Repeat the entire listing exactly. Omit all pictures.

## Source data
****

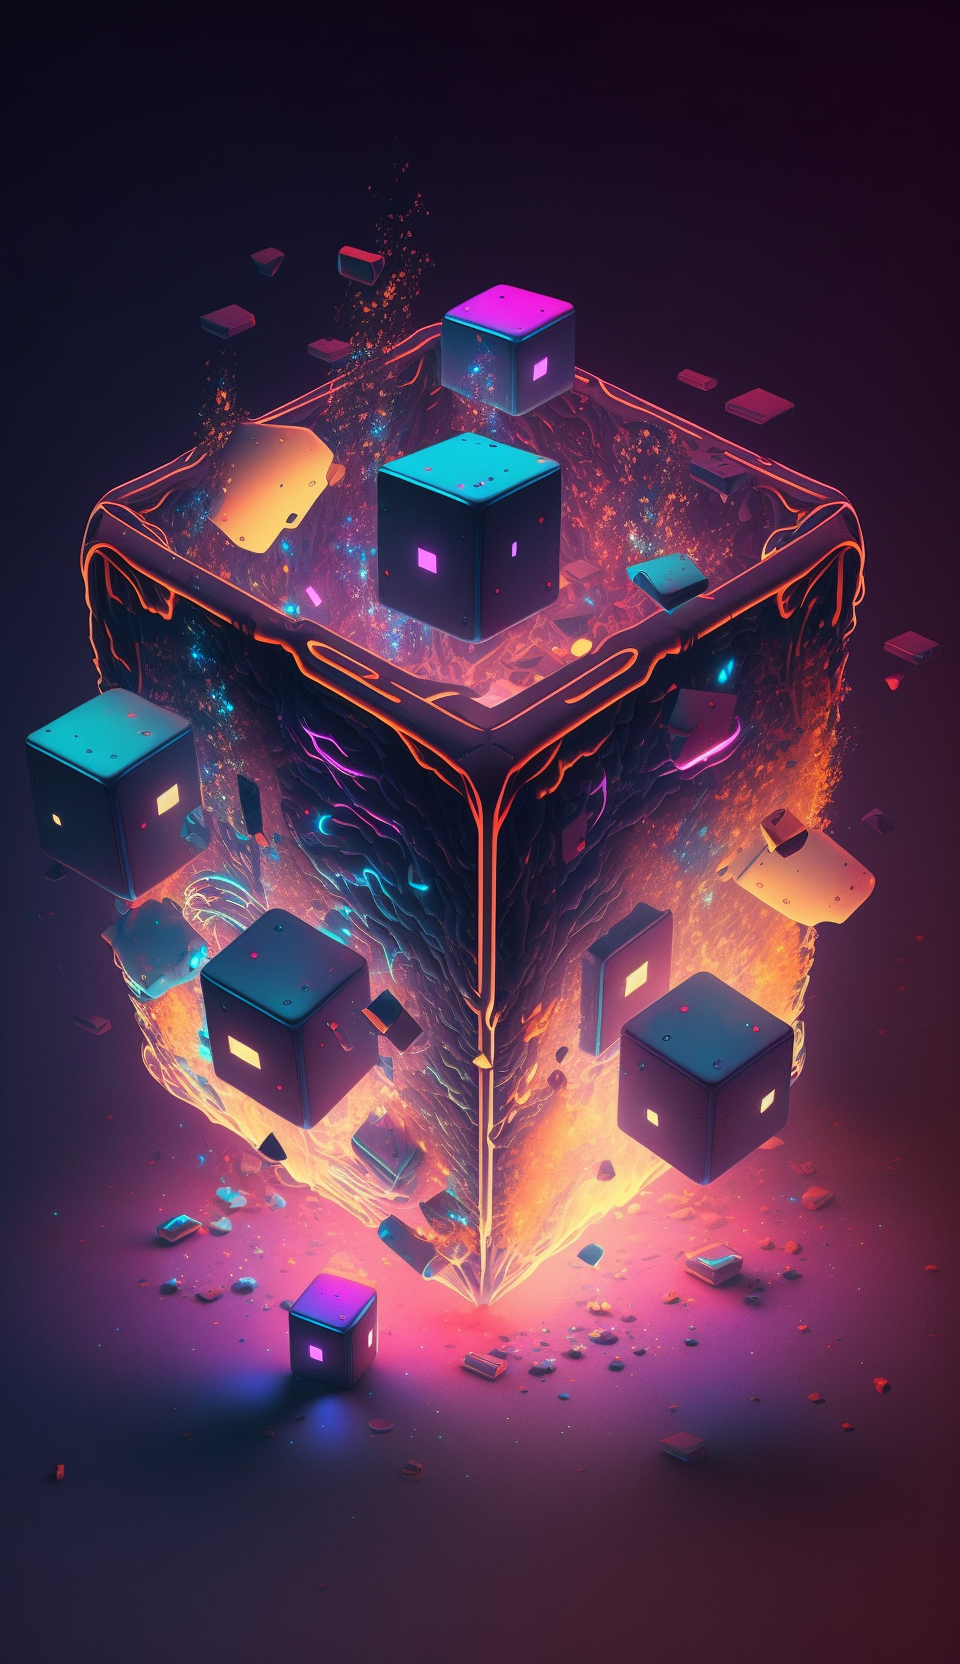 soupcan13_floating_hyper_detailed_mechanical_cubes_surrounded_b_de149c5a-be71-470c-b744-f3457a877849.png
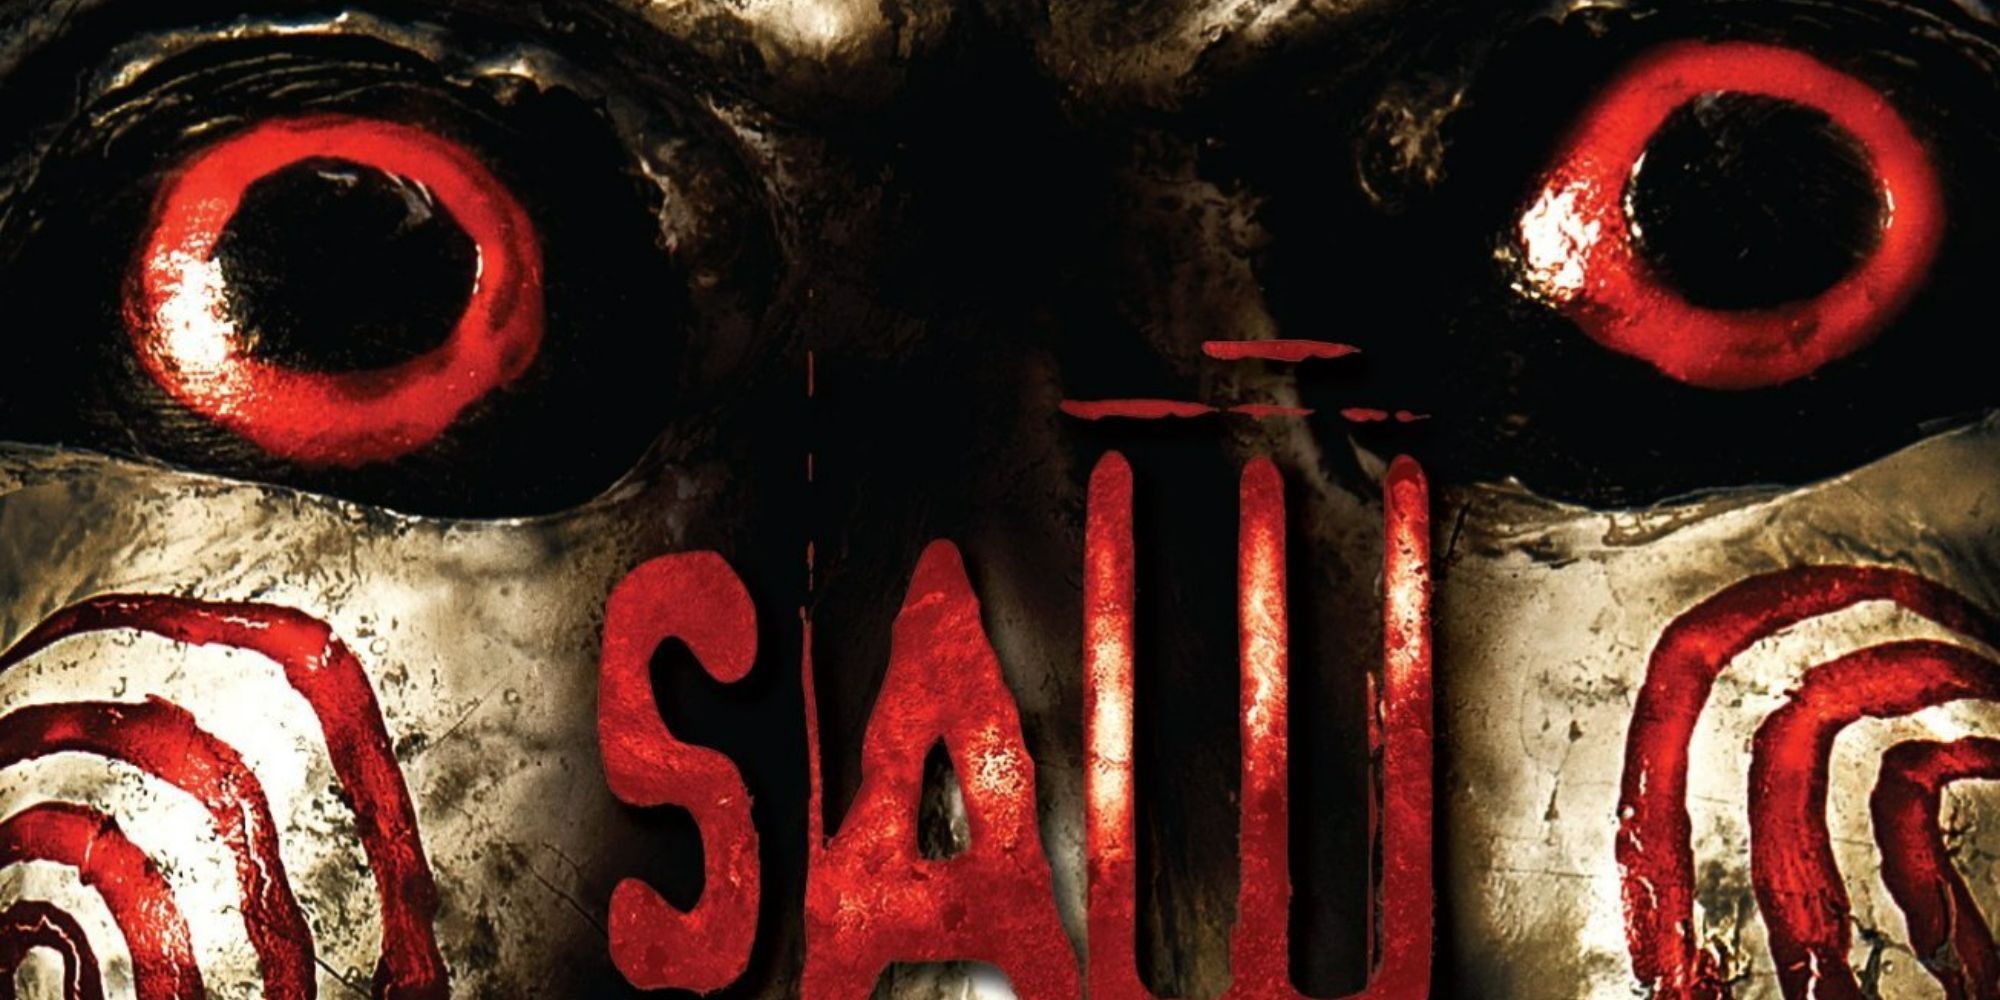 The cover of the Saw video game featuring Billy the doll
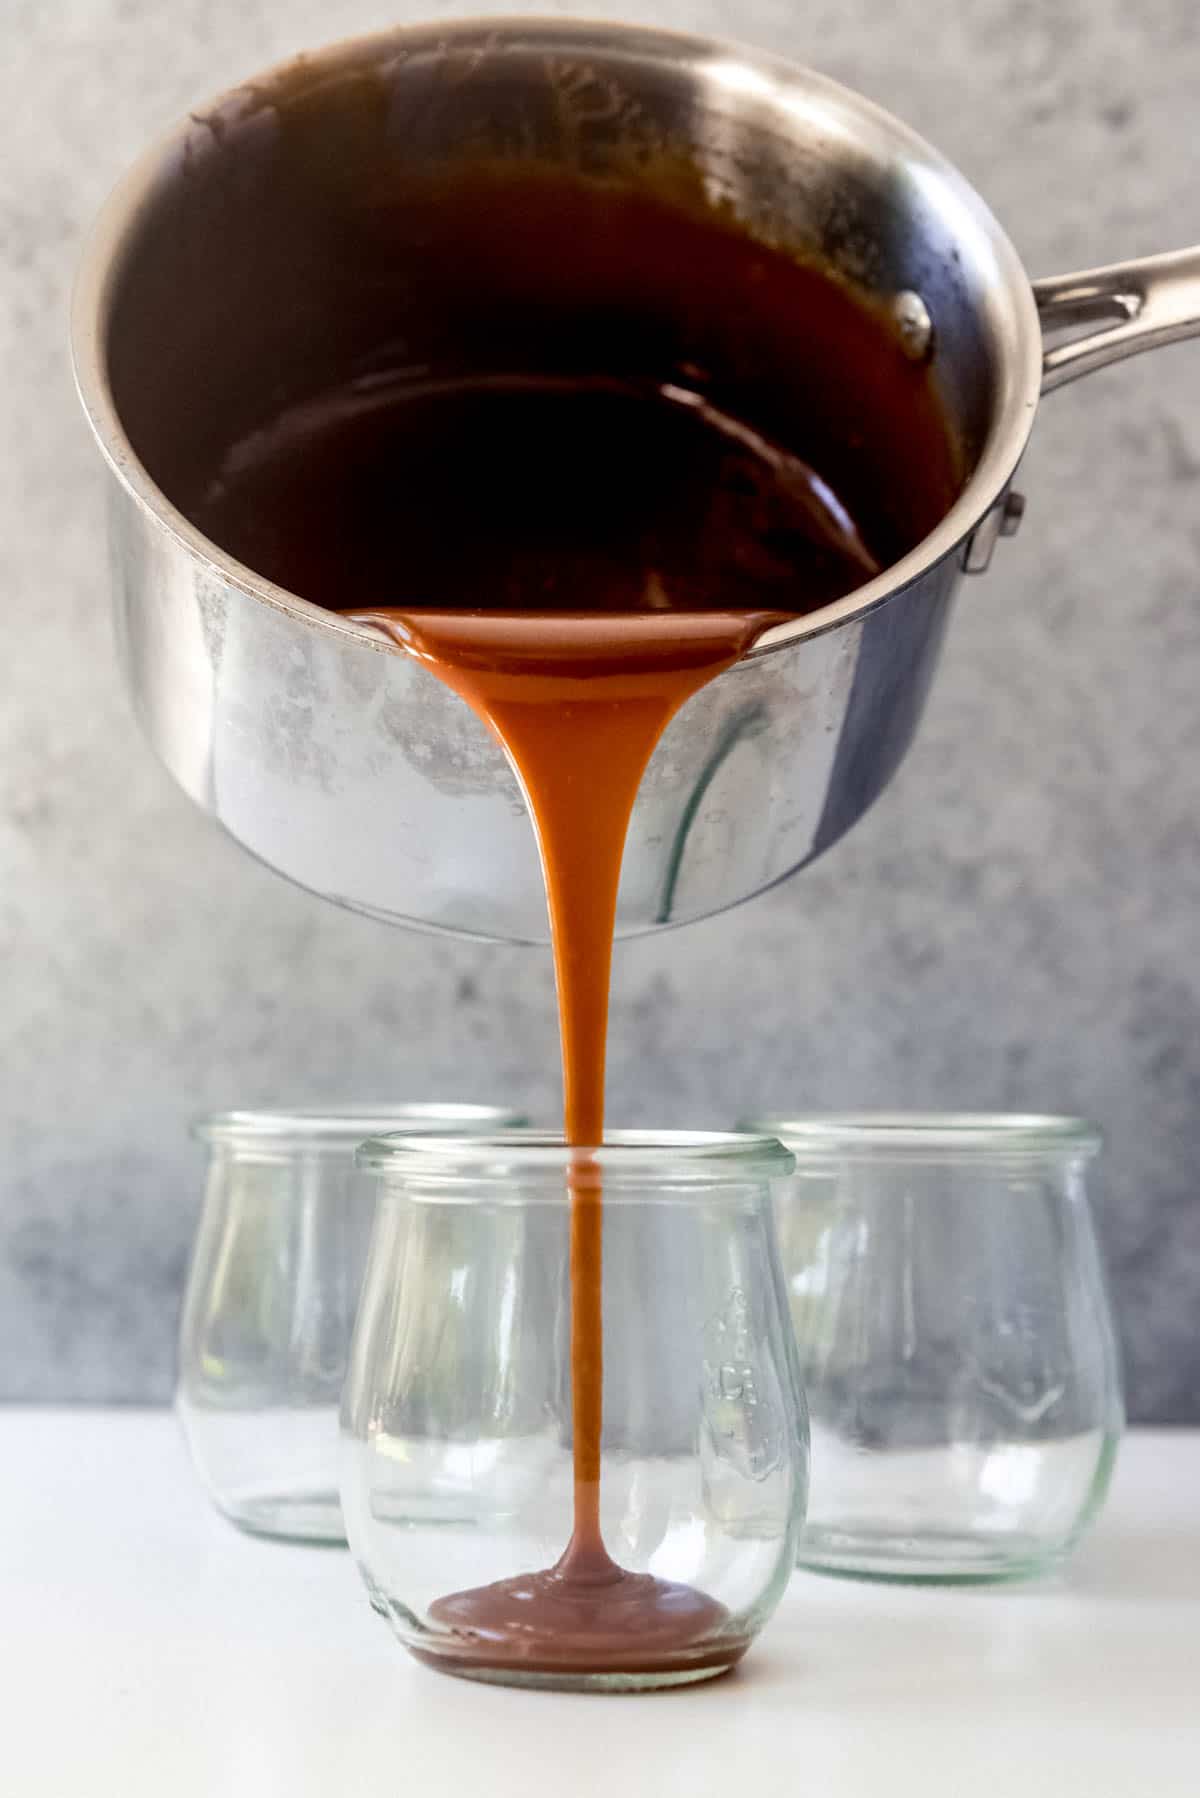 An image of salted caramel sauce pouring from a pan into glass jars for a pumpkin panna cotta with caramel sauce.
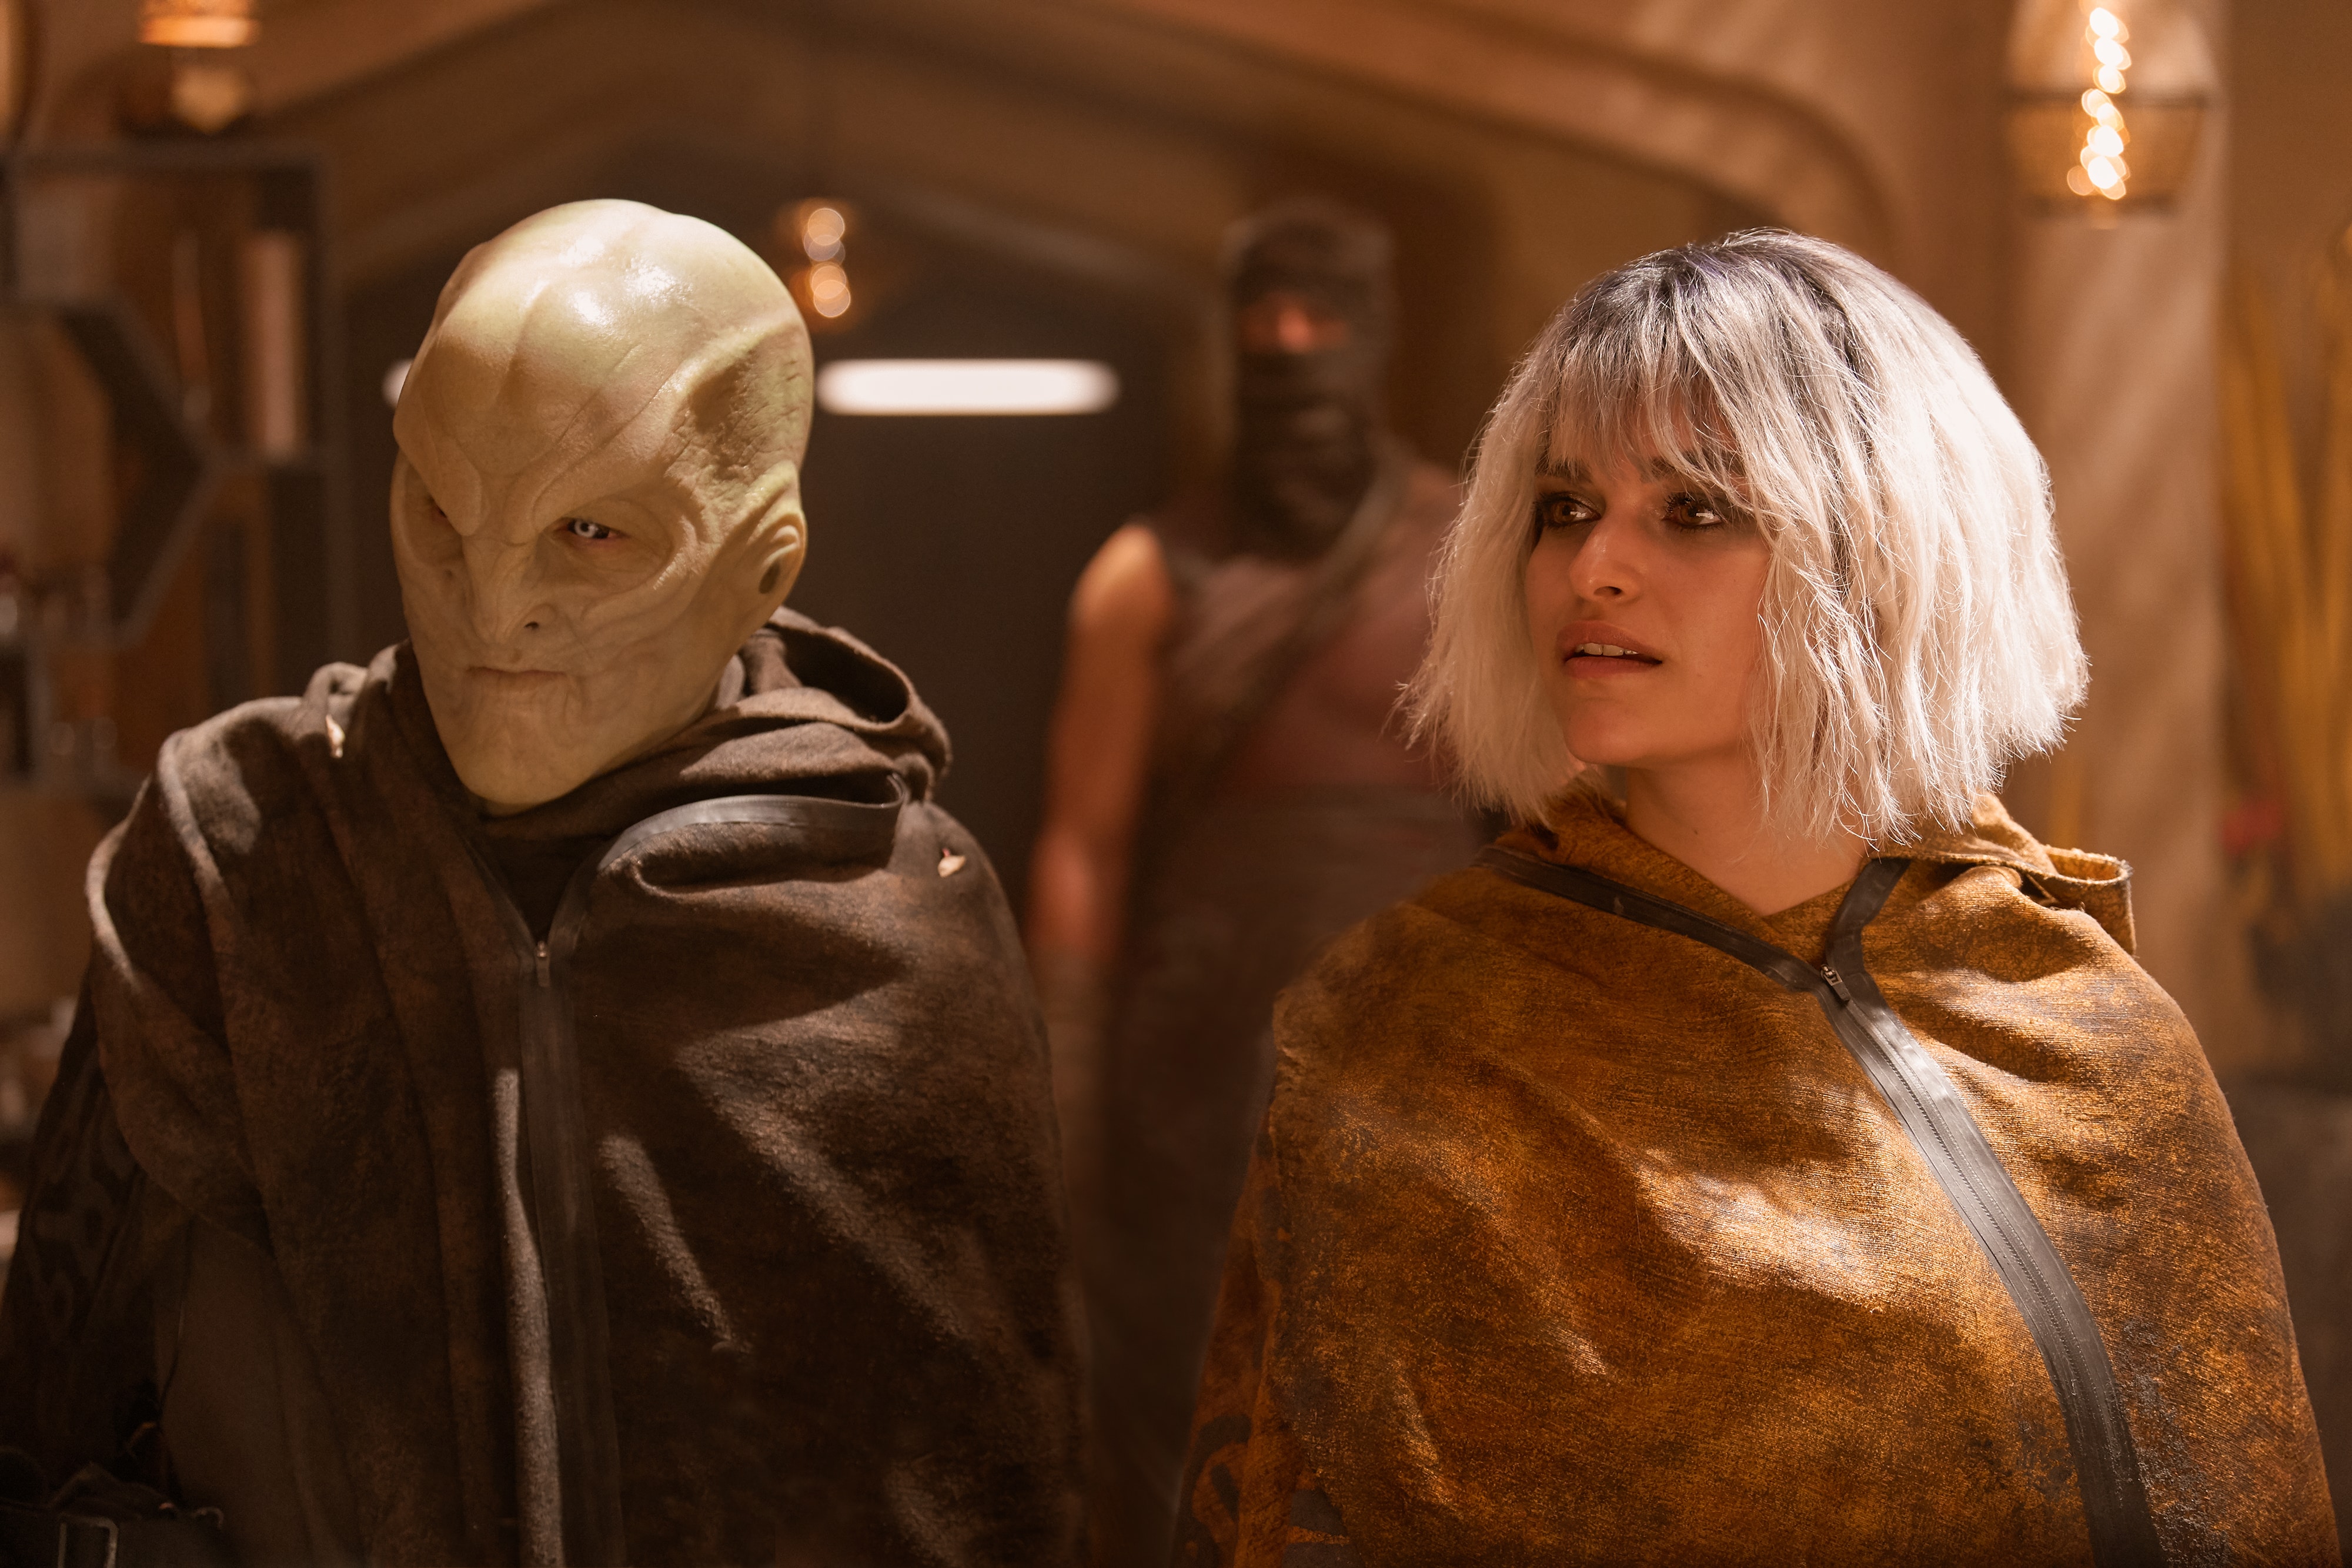 Elias Toufexis as L'ak and Eve Harlow as Moll in the Paramount+ original series STAR TREK: DISCOVERY.

****

## Output of the task
 soupcan13_floating_hyper_detailed_mechanical_cubes_surrounded_b_de149c5a-be71-470c-b744-f3457a877849.png
 The cover of the Saw video game featuring Billy the doll
 An image of salted caramel sauce pouring from a pan into glass jars for a pumpkin panna cotta with caramel sauce.
 Elias Toufexis as L'ak and Eve Harlow as Moll in the Paramount+ original series STAR TREK: DISCOVERY.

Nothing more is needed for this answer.